In the course of the present visit important regional problems are expected to be discussed, in particular, the prospects for Iraq and Middle East settlement, the situation around the Iranian nuclear program, conditions in Transcaucasia and Central Asia, and the Cyprus problem. An exchange of views is scheduled on the fundamental questions of the formation of a multipolar world pattern, strengthening of the UN's role, the fight against the new challenges and threats to peace and stability, and the ensuring of the principle of the supremacy of international law.

Special attention during the talks is planned to be paid to the theme of enhancing cooperation in the struggle against international terrorism, including that in the context of the situation in the North Caucasus, against organized crime and against the illicit drug trafficking.

Both sides advocate establishing favorable conditions for the further development of multilateral and bilateral cooperation in the Black Sea region.

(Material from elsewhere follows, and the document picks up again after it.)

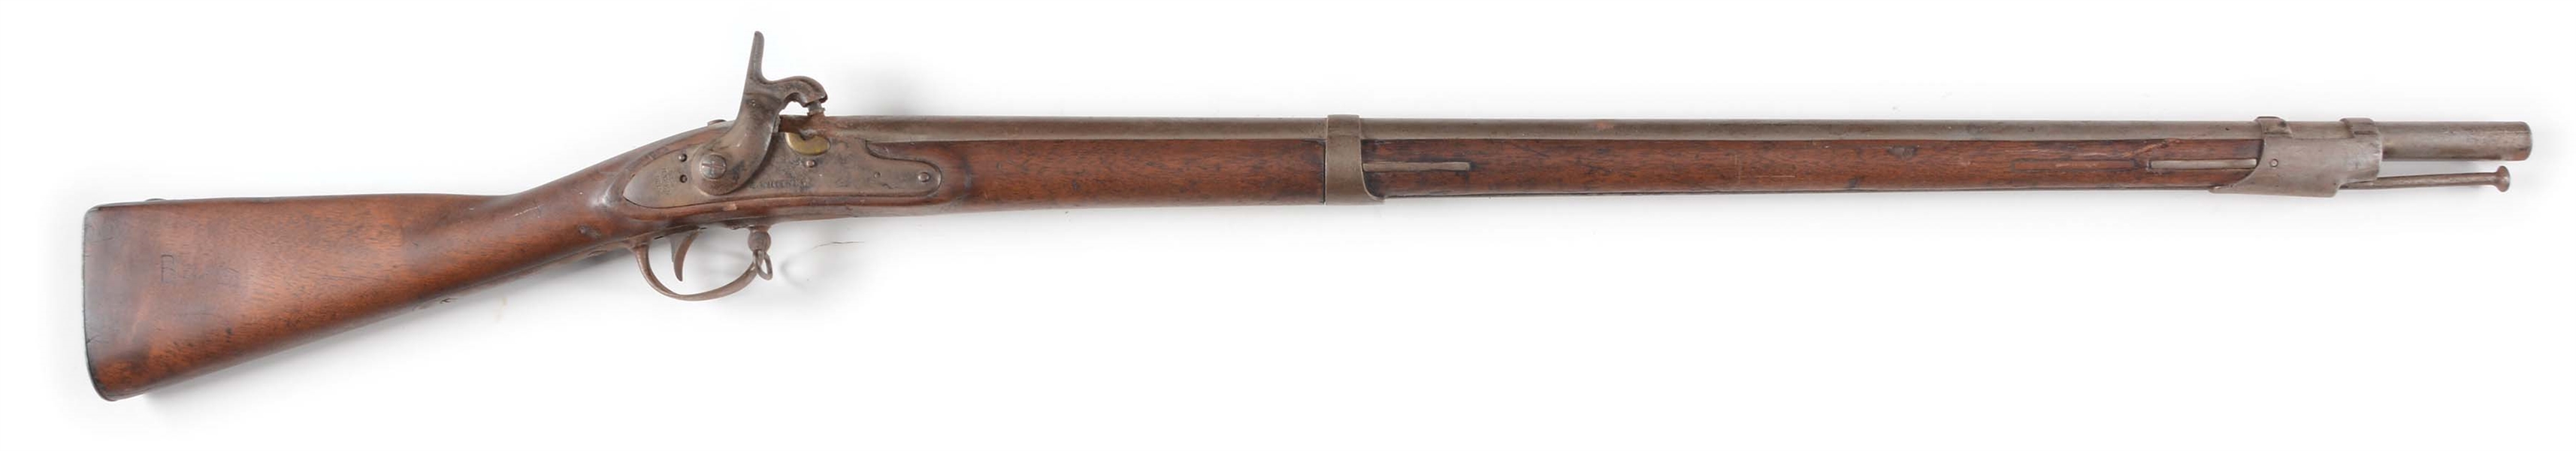 (A) ELI WHITNEY 2ND CONTRACT MODEL 1822 MUSKET ARSENAL CONVERTED TO PERCUSSION WITH FRAMED DOCUMENTATION.

In this connection it is planned to examine the prospects of engagement in the Black Sea Economic Cooperation Organization, as well as concrete steps to intensify its activities, taking into account the Russian chairmanship.

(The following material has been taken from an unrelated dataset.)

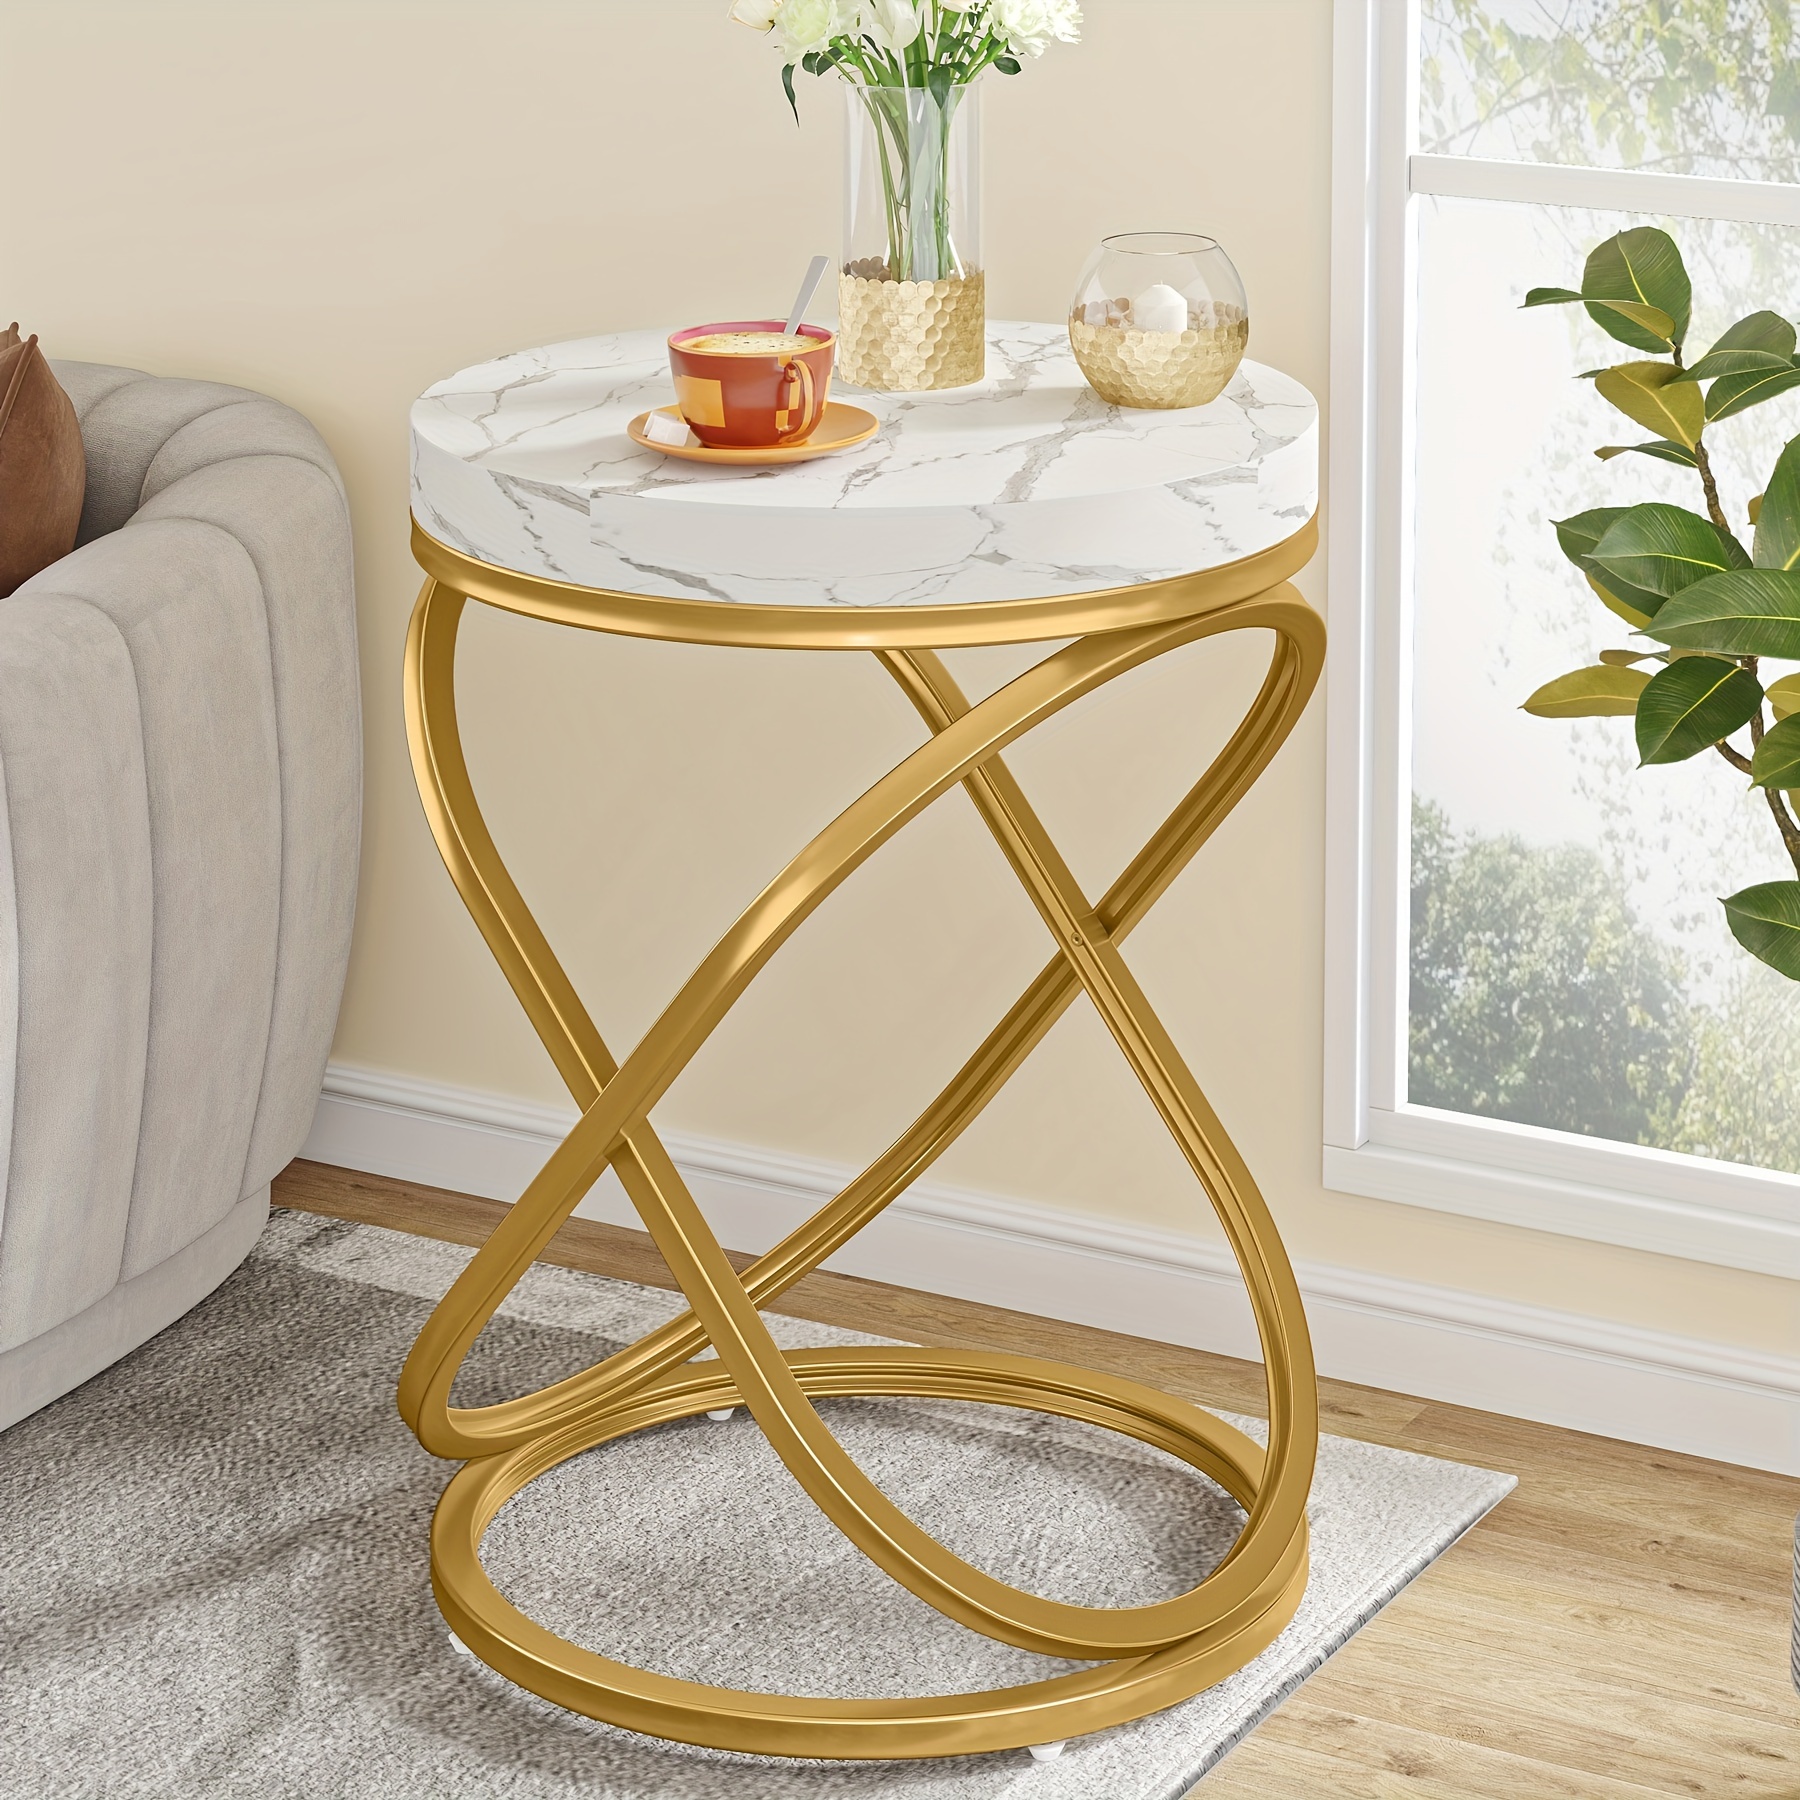 

Little Tree 26 Inches White And Gold Faux Marble Top End Tables Living Room, Round Nightstands Sofa Side Table With Double X-shaped Ring Unique Design For Bedroom

It is also borne in mind to discuss questions pertaining to the activities of the Black Sea Naval Cooperation Task Force (Blackseafor) and the prospects of Russia joining in the Turkish Navy's Operation Black Sea Harmony.

Topical questions of the trade-and-economic ties intensively developing in the last ten years will figure prominently on the agenda; their detailed discussion will occur during the upcoming Seventh Meeting on May 29-30 in Istanbul of the Mixed Intergovernmental Russian-Turkish Commission on Trade-and-Economic Cooperation. In 2005 the reciprocal trade turnover stood at 12.6 billion US dollars (Russia firmly holds second place in Turkish foreign trade).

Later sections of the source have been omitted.